Vadim Tropashko's  is the author of "SQL Design Patterns: The Expert Guide to SQL Programming", the definitive reference for SQL design patterns, a critical knowledge area for any Oracle developer.

Vadim also shows a great example of using the hidden parameter _convert_set_to_join to improve SQL execution speed for queries that find the semantic difference between two tables, and he shows how to compare the rows and columns of two tables with Oracle SQL syntax. 

(Note: Hidden parameters are extremely powerful and you should always thoroughly test all use of hidden SQL tuning parameters and only use hidden parms like _coinvert_set_to_join at the direction of Oracle technical support).

Vadim Tropashko's new book "SQL Design Patterns: The Expert Guide to SQL Programming", is the very first book to apply the mathematical foundation of SQL in-terms of design patterns, a must-own book for any professional SQL developer.

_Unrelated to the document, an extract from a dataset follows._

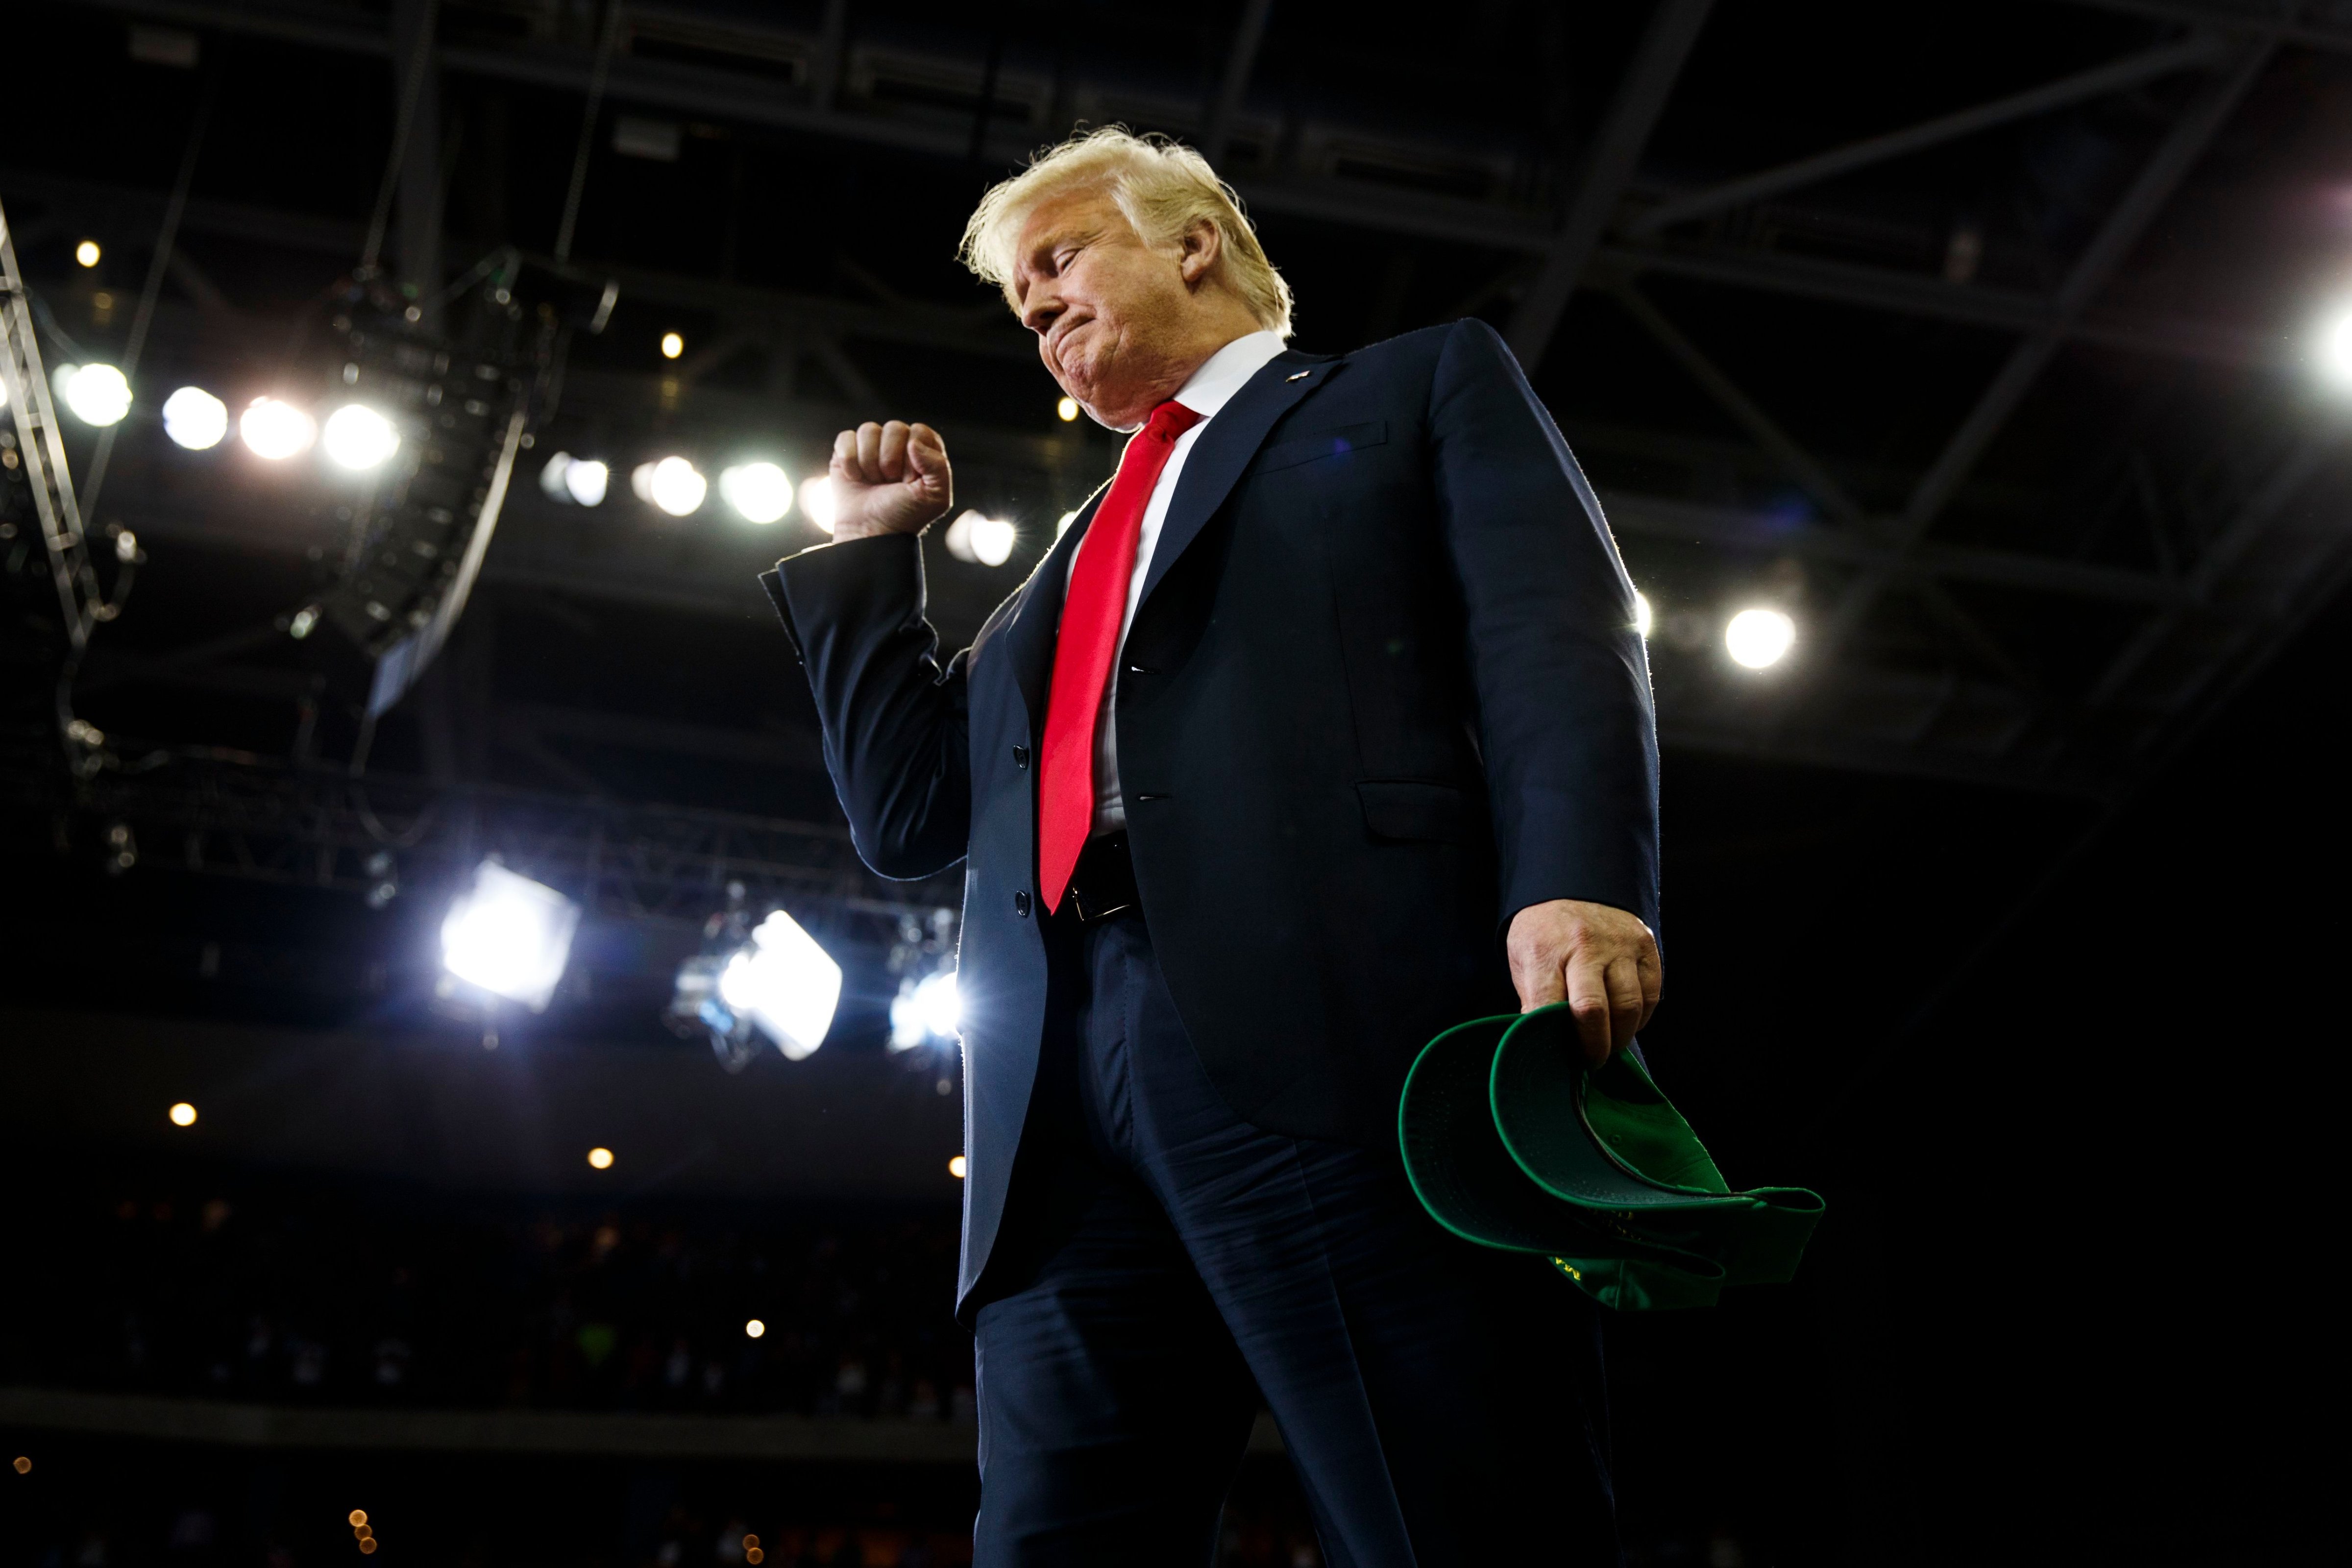 President Donald Trump pumps his fist as he arrives to a campaign rally at the Ford Center, in Evansville, Ind., on Aug. 30, 2018. (Evan Vucci—AP/Shutterstock)

Computing table content differences with Oracle SQL

The question "what is the difference between two tables? is simple to ask, but difficult to code.  It's like an "anti-union" where we seek only the unique rows within each table.

Tropashko has a great analysis of this common SQL problem from both a mathematical perspective and a practical Oracle perspective. It also shows an undocumented technique for improving execution speed for querying the non-intersection of two tables.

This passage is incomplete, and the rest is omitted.